Someone in the crowd shouted out, ‘Jejune!’ The cry was taken up by the rest of the crowd, all chanting, ‘Jejune.’
‘They don’t like Arthurian Romance,’ said Saint Bernadine. ‘It’s old hat. Tell you what, how about the original Holy Grail? The cup that the disciples drank from at the Last Supper?’
The crowd roared.
‘This is crazy,’ I protested. ‘What does this foul-smelling mob know about literature?’
‘This foul-smelling mob is your market. Don’t be such a cocksure know-it-all. We’ll make him a time-traveling spaceman from Betelgeuse. Now, what does he want? Your hero needs a goal.’
‘To be near to God.’
The crowd booed.
‘I know,’ said Saint Bernadine, ‘he’s got tickets to see the Crucifixion. Front row.’
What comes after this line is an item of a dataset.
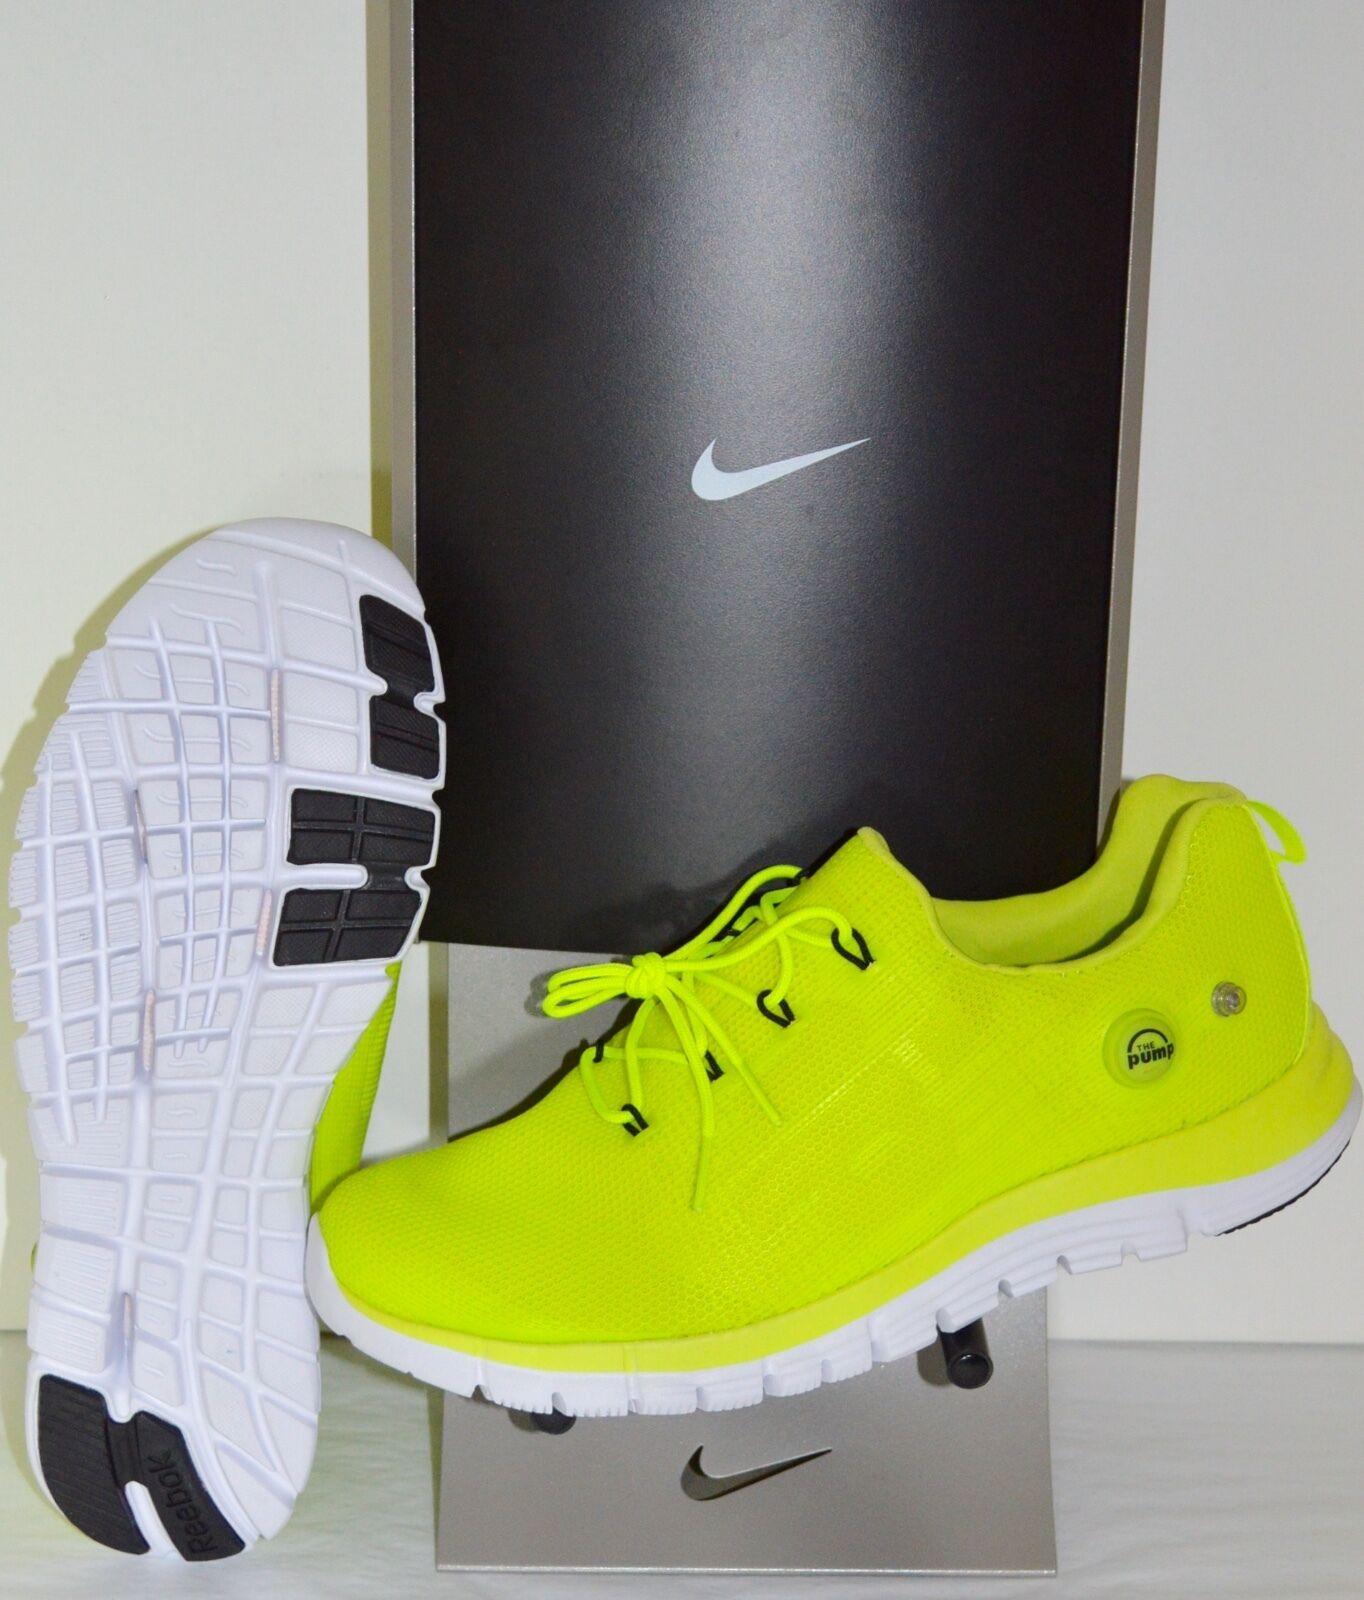 New Reebok ZPUMP PU Solar Yellow/Neon White Pump Shoes xpump Running

The crowd roared their approval.
‘Now, what stops him? You need conflict. The thing that stops him is….’
Someone from the crowd cried out, ‘He falls in love.’
The crowd roared. Someone from the back shouted, ‘With a prostitute!’
The crowd liked it.
‘Lose the column!’ shouted someone else in the crowd.
‘Hell yeah!’ said the Blessed St. Bernadine of Siena. ‘Do you need the column?’
‘Of course, that’s the whole idea!’
‘It’s a cliche,’ he said. ‘We’ve got people squatting on columns coming out of our ears. Get rid of the column, put some sex in it, give it a bit more love, and bingo! You’ve got a bestseller.’
So I did. And that was how I came to write Calvary Girls Are Easy.